During the meeting, company stockholders ratified the appointment of PricewaterhouseCoopers LLP as Sara Lee’s independent auditors for fiscal 2006 and approved the company’s new international employee stock purchase plan. In addition, company stockholders re-elected 10 incumbents and elected one new nominee — Jonathan P. Ward, chairman and CEO of The ServiceMaster Company — to serve one-year terms on Sara Lee’s board of directors.

Also, Sara Lee’s President and CEO Brenda C. Barnes was named chairman of the board, succeeding C. Steven McMillan, who has served as chairman since 2001 and led Sara Lee as CEO from 2000 until February, 2005, when his retirement was announced.

The Sports Club to sell six clubs, changes stock symbol
On the heels of changing its stock symbol, The Sports Club Company (SCYL.PK) has signed a definitive asset purchase agreement to sell six of its nine sports and fitness clubs to an affiliate of Millennium Entertainment Partners — a principal stockholder in the company– for $65 million.

Subject to post closing adjustments, The Sports Club will receive approximately $57.2 million in cash from the sale and will receive a note from Millennium for the remaining $7.8 million. Simultaneously with the consummation of the asset sale, The Sports Club intends to finance The Sports Club/LA – Los Angeles.
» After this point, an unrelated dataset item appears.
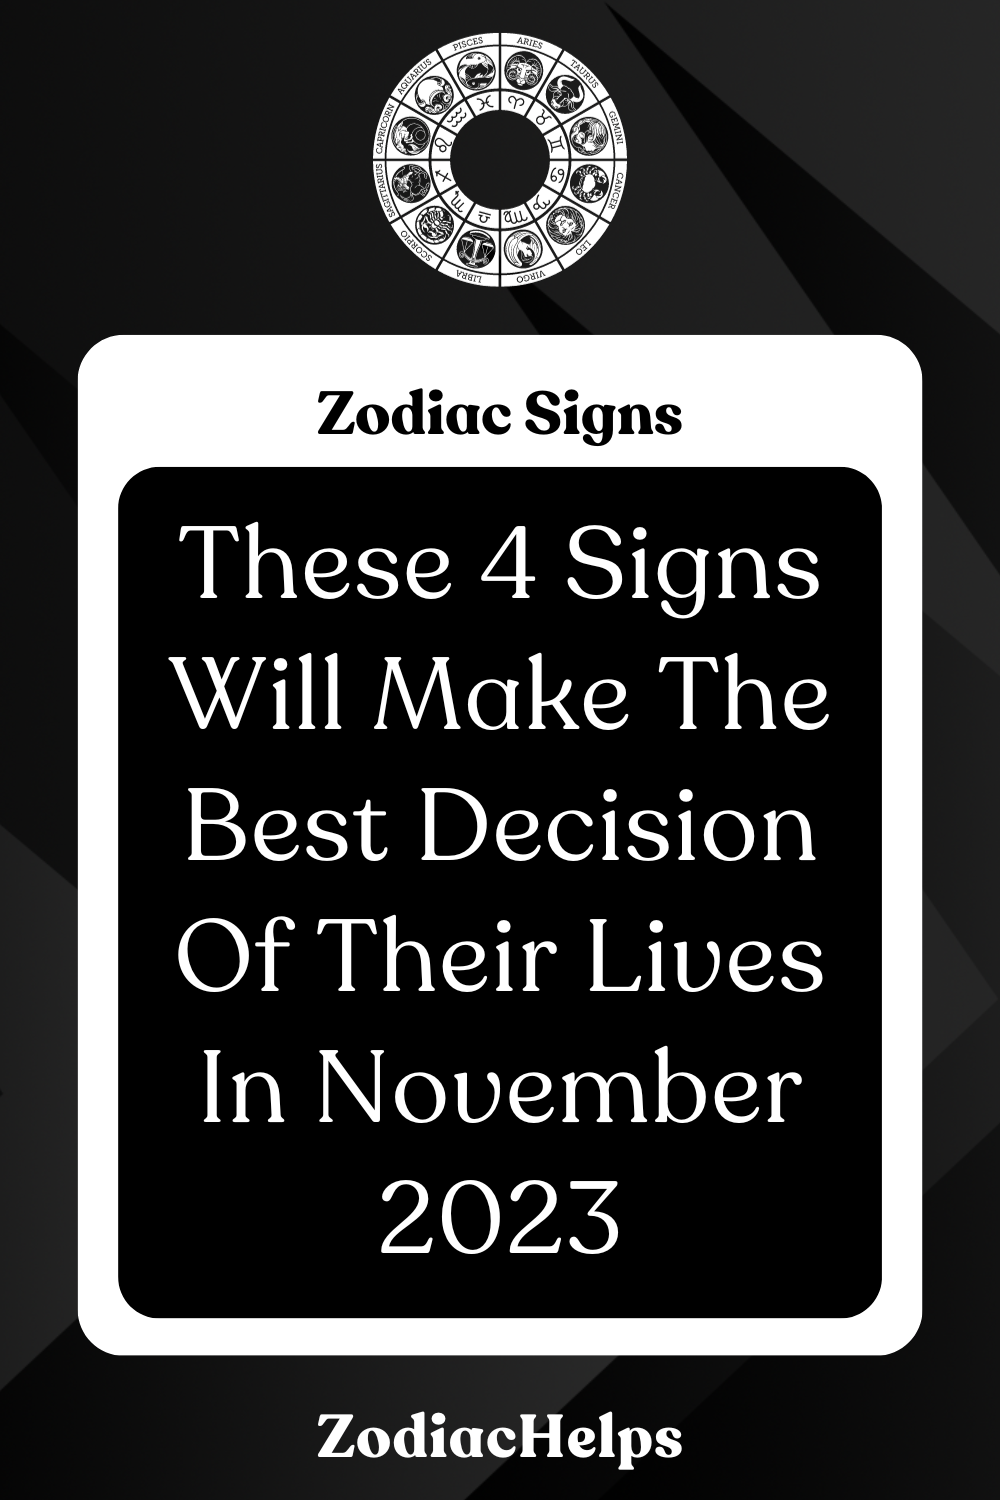 These 4 Signs Will Make The Best Decision Of Their Lives In November 2023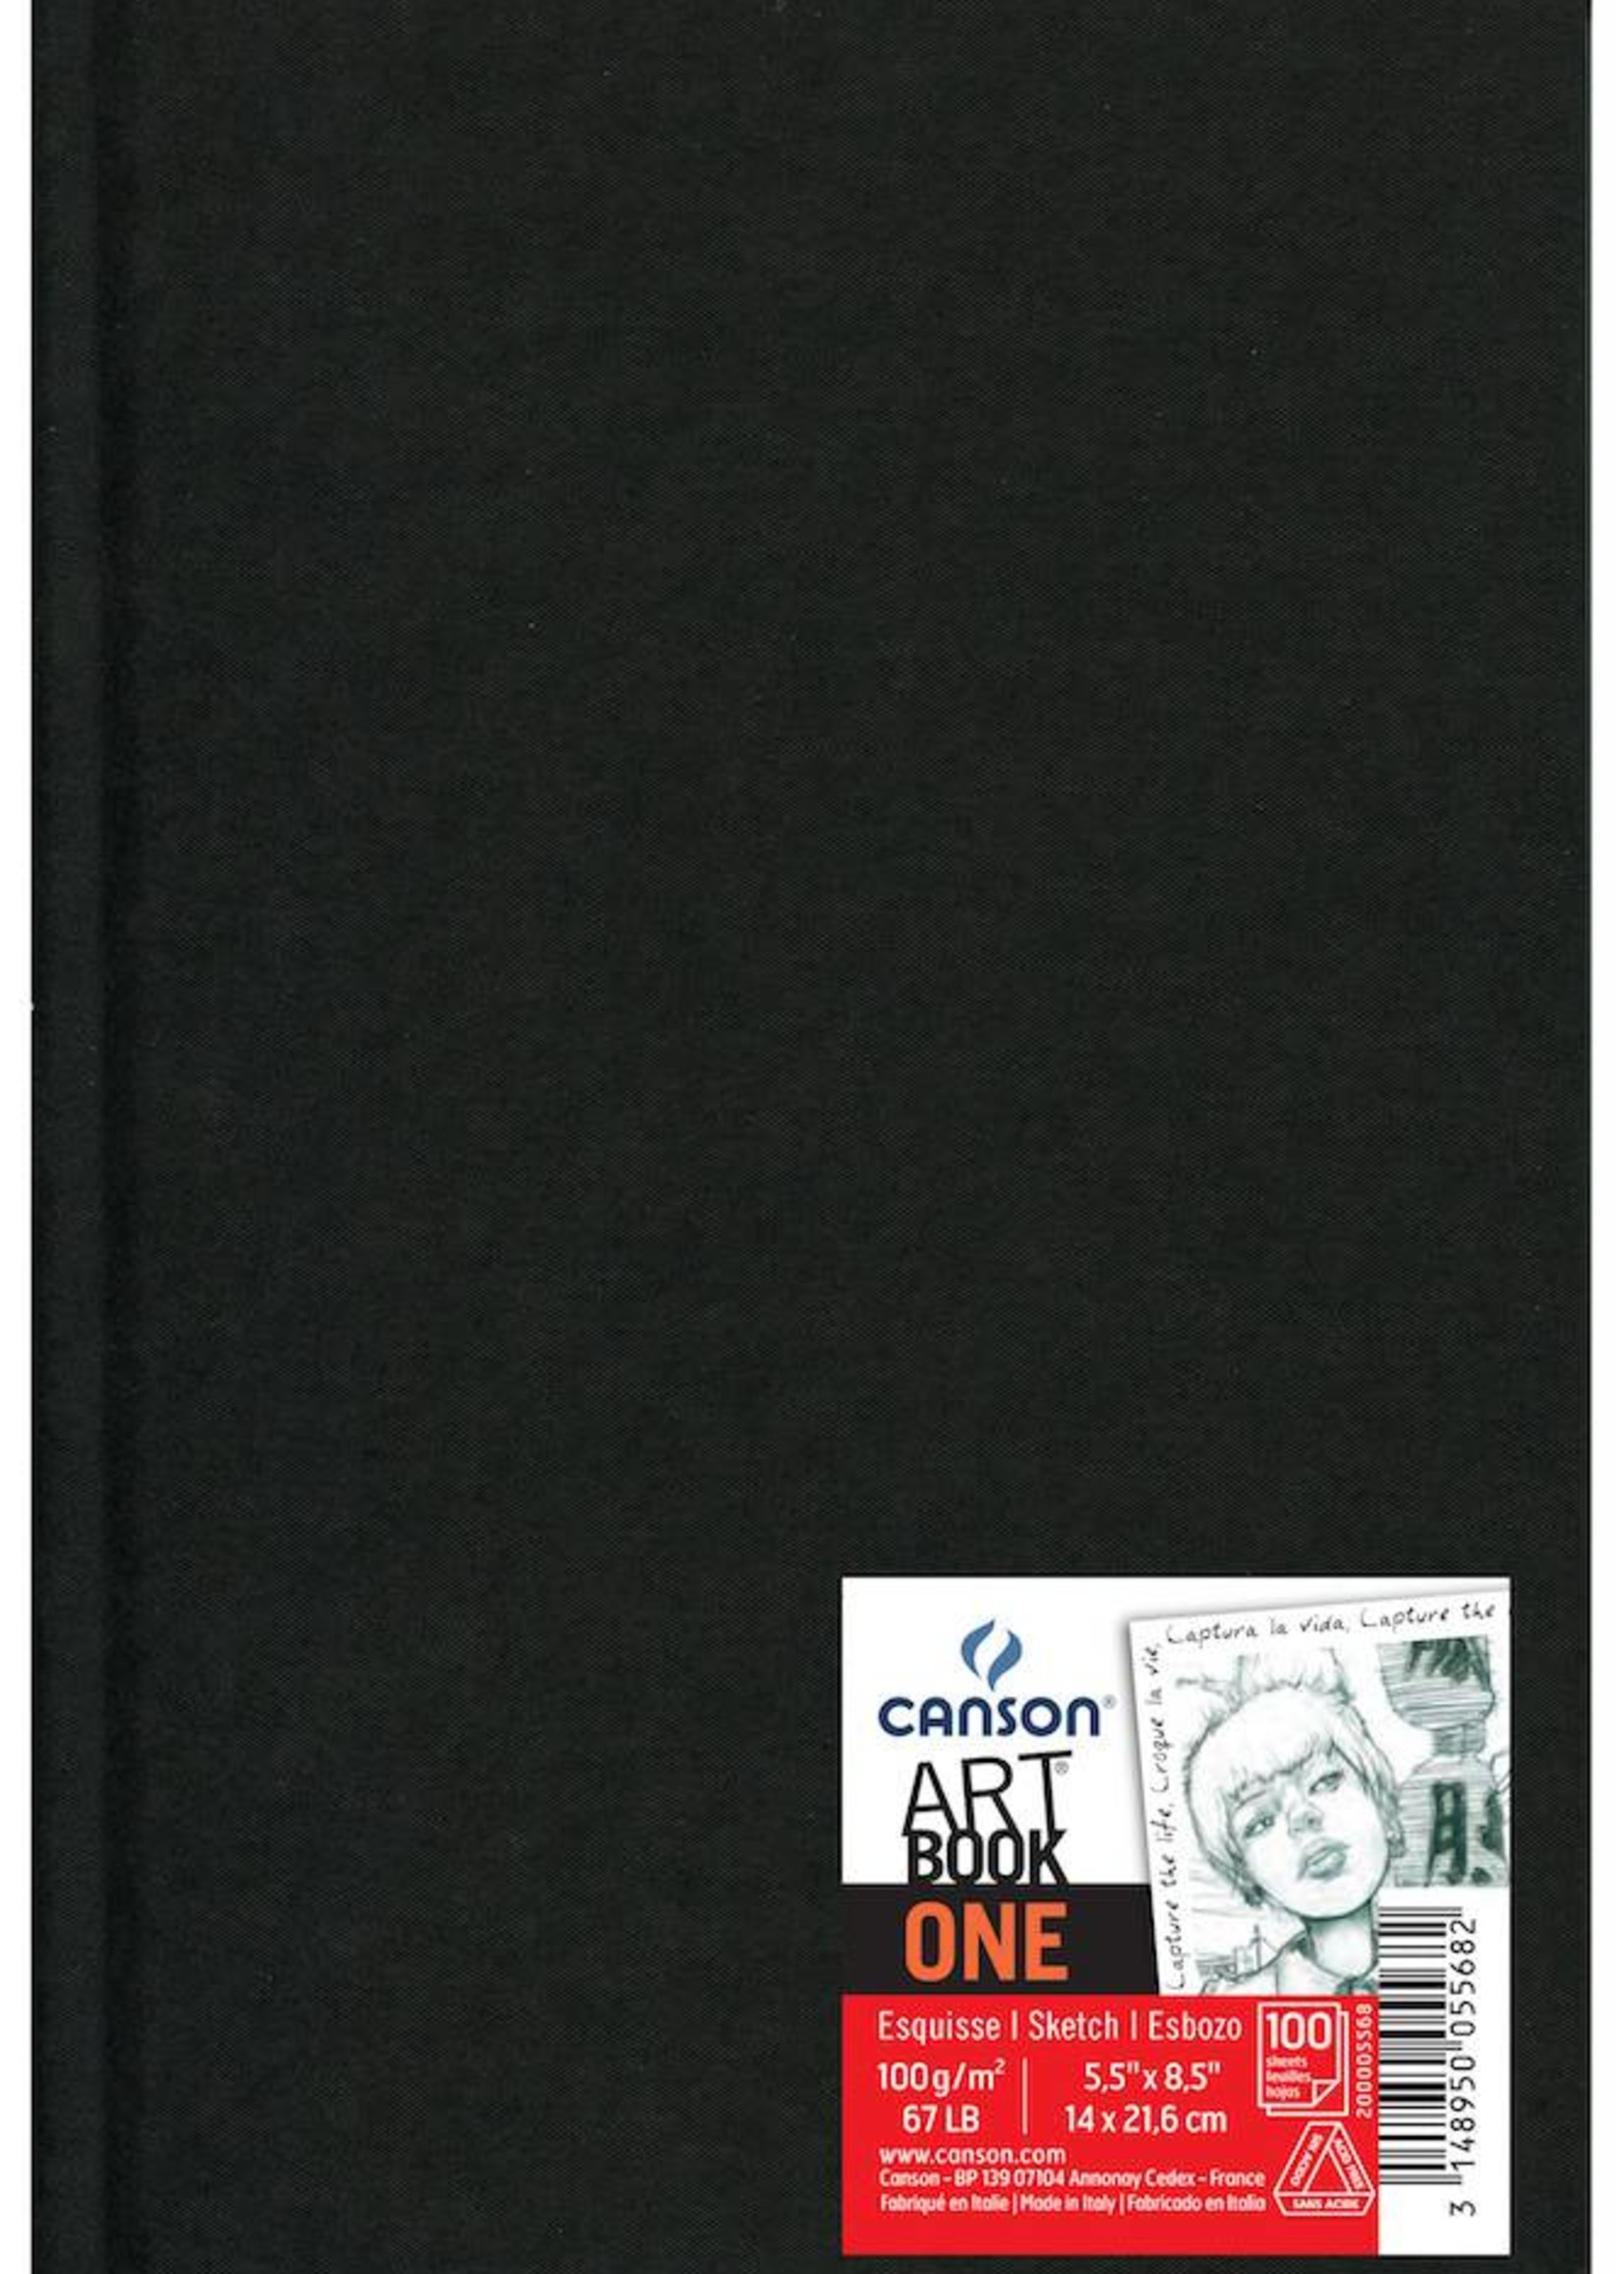 CANSON CANSON ART BOOK ONE 5.5X8.5 67LB HARDBOUND  100/SHT    CAN-200005568

The proceeds from the asset sale and refinancing will be used to retire its $100.0 million Senior Secured Notes that are due in March 2006.

The clubs to be sold include its three facilities located in New York City and single clubs in each of Boston, Mass.; Washington, D.C.; and San Francisco, Calif. Also, the management agreement covering the Miami, Fla., club will be assigned to Millennium. It has 30 days to decide if it wants to sell the Rockefeller Center club in New York, which would substantially raise the sale price. The deal is set to close on Dec. 31.

The company’s symbol change became effective Oct. 28 to coincide with its move from the American Stock Exchange to the OTC Pink Sheets.